For two years now, Bridger has placed at state. None were closer to a state title than his third-place finish last year in the 138-pound weight class. His lone loss in Billings came to eventual state champion Riley Gurr of Frenchtown. Gurr was a two-time state champion in Montana. He also won placed second in the Washington state tournament as a freshman and won it all in the Evergreen State as a sophomore before moving to Montana. 

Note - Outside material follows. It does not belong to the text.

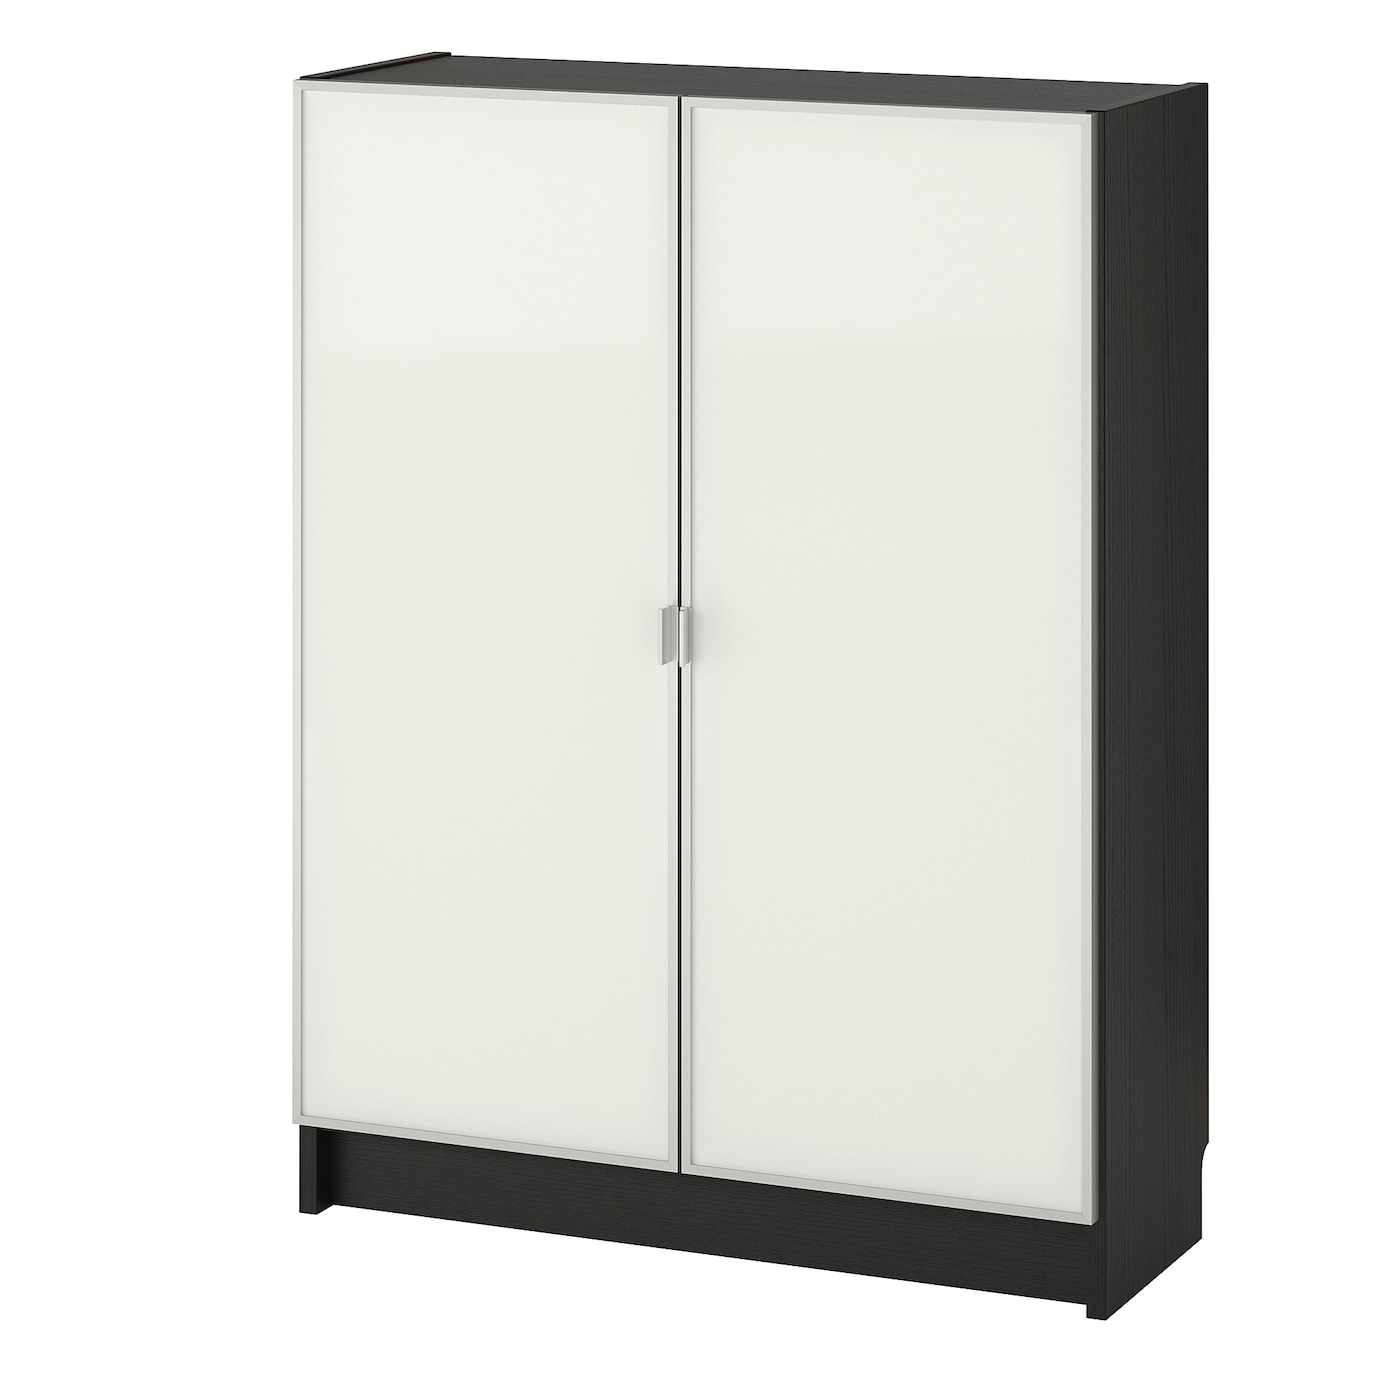 billy morliden bookcase with glass doors black brown glass. Black Bedroom Furniture Sets. Home Design Ideas
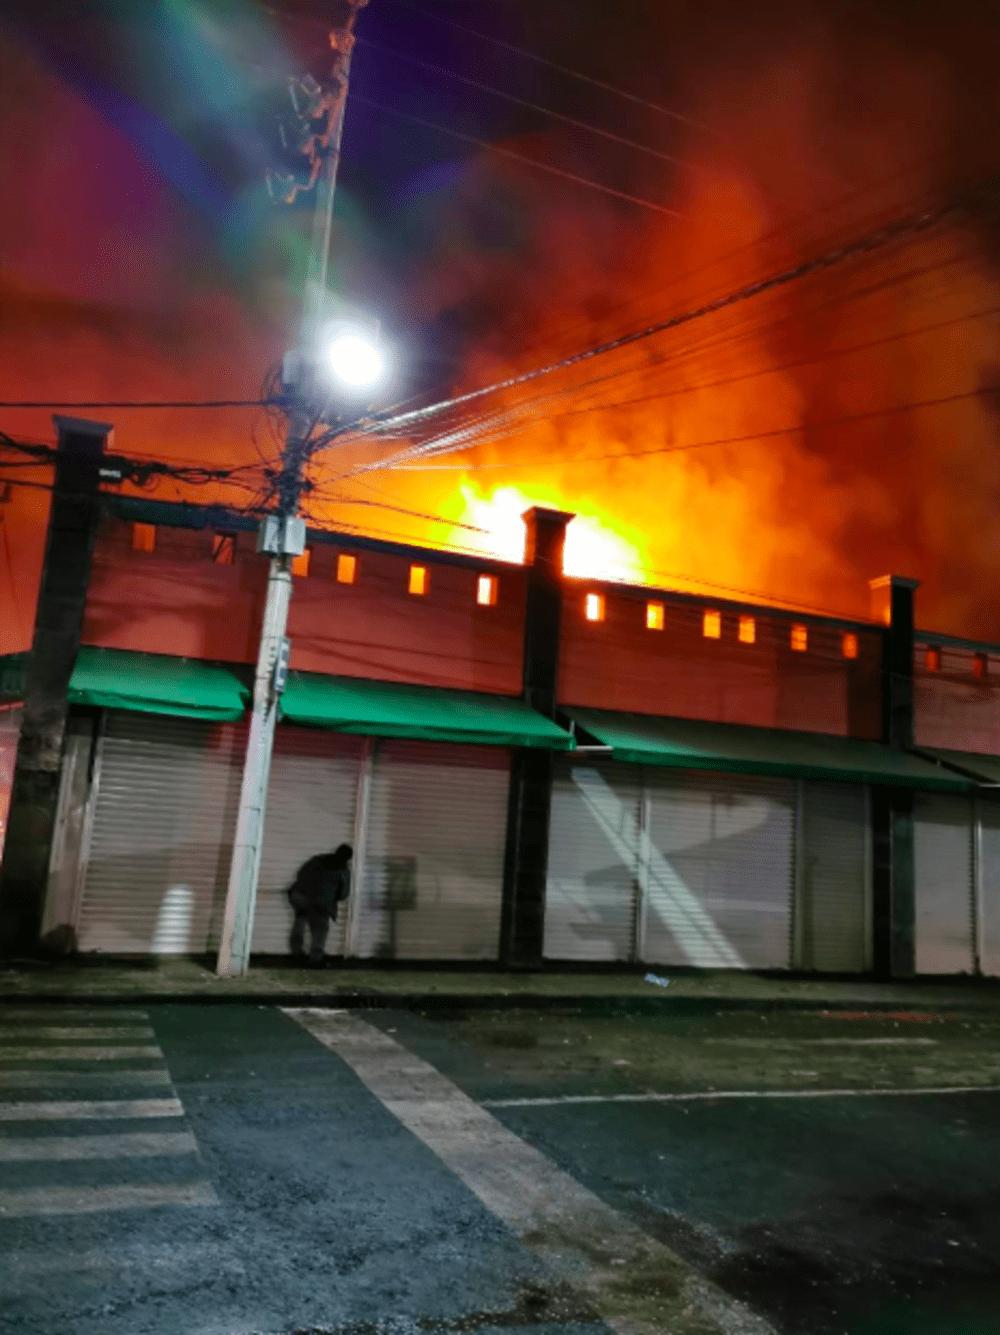 Cortocircuito causaron incendios en mercados: Fiscalía de la CDMX

"I knew last year was going to be a hard one because of Riley Gurr and there were a lot of people that were going to run away from him," Bridger said. "Me and my dad talked about it and we weren’t scared of him, so we went after it."

Gurr, however, scored a pin late in the second period to advance to the championship match. Bridger went on to win the third-place match with a pin in the first period.

That loss in the semi's renewed Bridger's focus, however, one that his father — and coach — said he's seen before.

It's a focus that you find in state champions.

"Honestly, when he gets to this level and we’ve seen it before: Brady Anderson, Manny Rivera, some of my other guys that were top wrestlers and even my son, Bridger’s older brother is the captain of the Dickinson State wrestling team," Chad said of his past wrestlers who have had success. "When they get so focused, that’s it.

"...(Bridger's) looking for (a state title). He’s hungry."